You can see etcd pods are running on nodes that are in Ready status. So now we can go ahead and safely drain and delete the nodes that are NotReady.

❯ notreadynodes=$(gcc kubectl get nodes | grep NotReady | awk '{print $1;}')

❯ echo $notreadynodes
gc-control-plane-tnhv9
gc-control-plane-tqvnk
gc-control-plane-wsclb
gc-control-plane-wt6sx
gc-control-plane-zthnq

❯ echo "$notreadynodes" | while IFS= read -r line ; do echo $line; gcc kubectl drain $line --ignore-daemonsets; gcc kubectl delete node $line; echo "----"; done

gc-control-plane-tnhv9
node/gc-control-plane-tnhv9 already cordoned
WARNING: ignoring DaemonSet-managed Pods: kube-system/calico-node-nzbgq, kube-system/kube-proxy-2jqqr, vmware-system-csi/vsphere-csi-node-46g6r
node/gc-control-plane-tnhv9 drained
node "gc-control-plane-tnhv9" deleted
----
gc-control-plane-tqvnk
node/gc-control-plane-tqvnk already cordoned
WARNING: ignoring DaemonSet-managed Pods: kube-system/calico-node-45xfc, kube-system/kube-proxy-dxrkr, vmware-system-csi/vsphere-csi-node-wrvlk
node/gc-control-plane-tqvnk drained
node "gc-control-plane-tqvnk" deleted
----
gc-control-plane-wsclb
node/gc-control-plane-wsclb already cordoned
WARNING: ignoring DaemonSet-managed Pods: kube-system/calico-node-5t254, kube-system/kube-proxy-jt2dp, vmware-system-csi/vsphere-csi-node-w2bhf
node/gc-control-plane-wsclb drained
node "gc-control-plane-wsclb" deleted
----
gc-control-plane-wt6sx
node/gc-control-plane-wt6sx already cordoned
WARNING: ignoring DaemonSet-managed Pods: kube-system/calico-node-24pn5, kube-system/kube-proxy-b5vl5, vmware-system-csi/vsphere-csi-node-hfjdw
node/gc-control-plane-wt6sx drained
node "gc-control-plane-wt6sx" deleted
----
gc-control-plane-zthnq
node/gc-control-plane-zthnq already cordoned
WARNING: ignoring DaemonSet-managed Pods: kube-system/calico-node-vp895, kube-system/kube-proxy-8mg8n, vmware-system-csi/vsphere-csi-node-hs22g
node/gc-control-plane-zthnq drained
node "gc-control-plane-zthnq" deleted
----

❯ gcc kg no
NAME STATUS ROLES AGE VERSION
gc-control-plane-2rbsb Ready control-plane,master 410d v1.20.9+vmware.1
gc-control-plane-5zjn4 Ready control-plane,master 123d v1.20.9+vmware.1
gc-control-plane-9t97w Ready control-plane,master 123d v1.20.9+vmware.1
gc-workers-ztr5c-6f4b555879-2v8pl Ready <none> 458d v1.20.9+vmware.1
gc-workers-ztr5c-6f4b555879-8qs4p Ready <none> 456d v1.20.9+vmware.1
gc-workers-ztr5c-6f4b555879-r29d5 Ready <none> 458d v1.20.9+vmware.1

❯ kgtkca | grep jtimothy-napp01
jtimothy-napp01 gc updating 2021-07-29T16:59:34Z v1.20.9+vmware.1-tkg.1.a4cee5b 3 3

Now, I waited for few minutes to see whether the reconciliation process will proceed and change the status of the TKC from updating to running.
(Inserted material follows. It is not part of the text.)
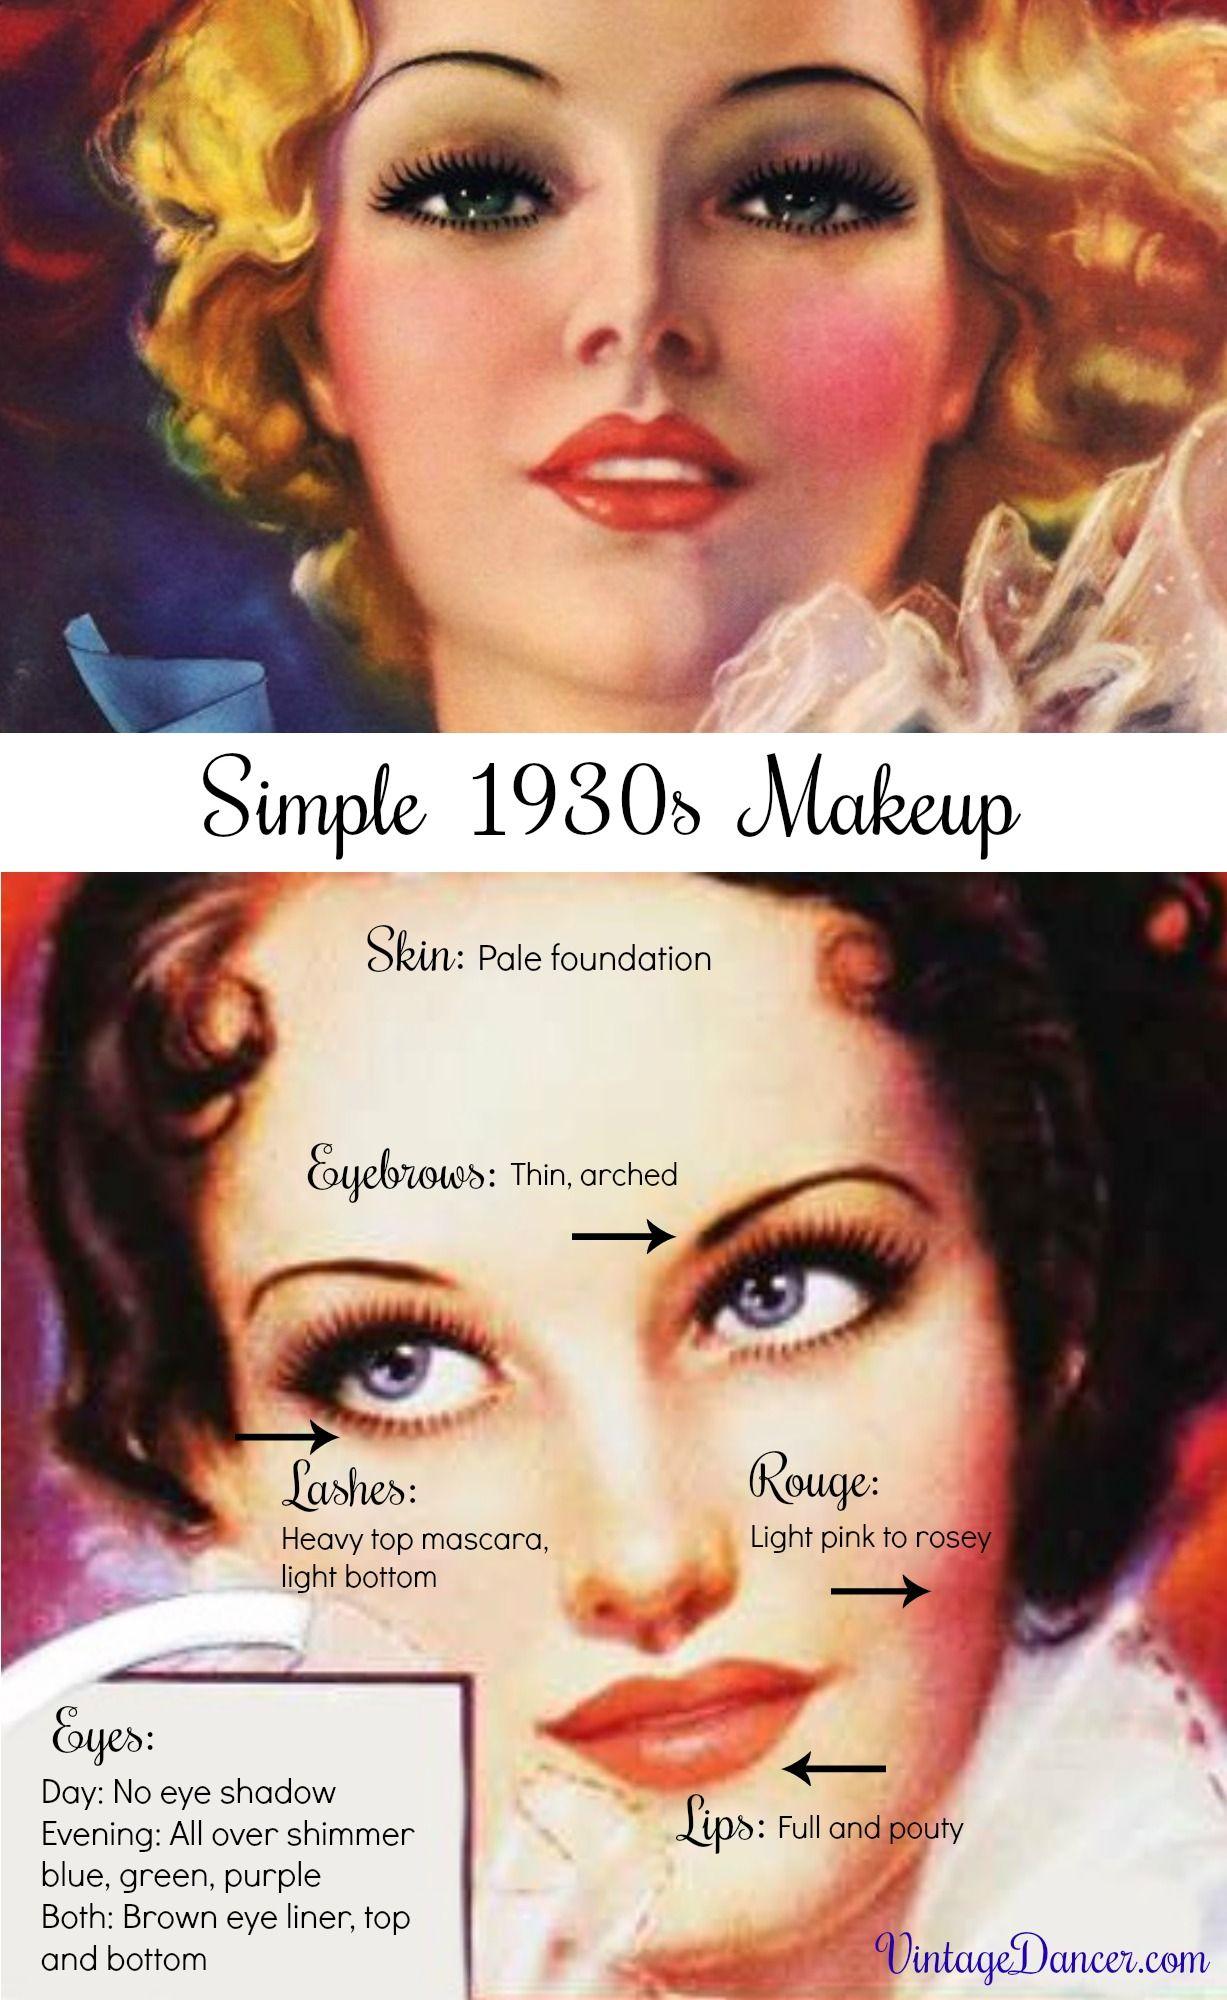 Simple, Natural 1930s Makeup Guide 1930s makeup, Makeup

But it was still stuck at updating phase. So I described the TKC.

Conditions:
Last Transition Time: 2022-12-30T19:47:15Z
Message: Rolling 1 replicas with outdated spec (2 replicas up to date)
Reason: RollingUpdateInProgress
Severity: Warning
Status: False
Type: Ready
Last Transition Time: 2023-01-01T19:19:45Z
Status: True
Type: AddonsReady
Last Transition Time: 2022-12-30T19:47:15Z
Message: Rolling 1 replicas with outdated spec (2 replicas up to date)
Reason: RollingUpdateInProgress
Severity: Warning
Status: False
Type: ControlPlaneReady
Last Transition Time: 2022-07-24T15:53:06Z
Status: True
Type: NodePoolsReady
Last Transition Time: 2022-09-01T09:02:26Z
Message: 3/3 Control Plane Node(s) healthy. 3/3 Worker Node(s) healthy
Status: True
Type: NodesHealthy

Checked vmop logs.

vmware-system-vmop/vmware-system-vmop-controller-manager-85d8986b94-xzd9h[manager]: E0103 08:43:51.449422       1 readiness_worker.go:111] readiness-probe "msg"="readiness probe fails" "error"="dial tcp 172.31.14.6:6443: connect: connection refused" "vmName"="jtimothy-napp01/gc-control-plane-2rbsb" "result"=-1

It says something is wrong with CP node gc-control-plane-2rbsb.
❯ gcc kg po -A -o wide | grep etcd
kube-system etcd-gc-control-plane-2rbsb 0/1 Running 811 410d 172.31.14.6 gc-control-plane-2rbsb <none> <none>
kube-system etcd-gc-control-plane-5zjn4 1/1 Running 1 124d 172.31.14.7 gc-control-plane-5zjn4 <none> <none>
kube-system etcd-gc-control-plane-9t97w 1/1 Running 1 123d 172.31.14.8 gc-control-plane-9t97w <none> <none>

You can see etcd pod is not running on first control plane node and is getting continuously restarted. So lets try to drain the CP node gc-control-plane-2rbsb.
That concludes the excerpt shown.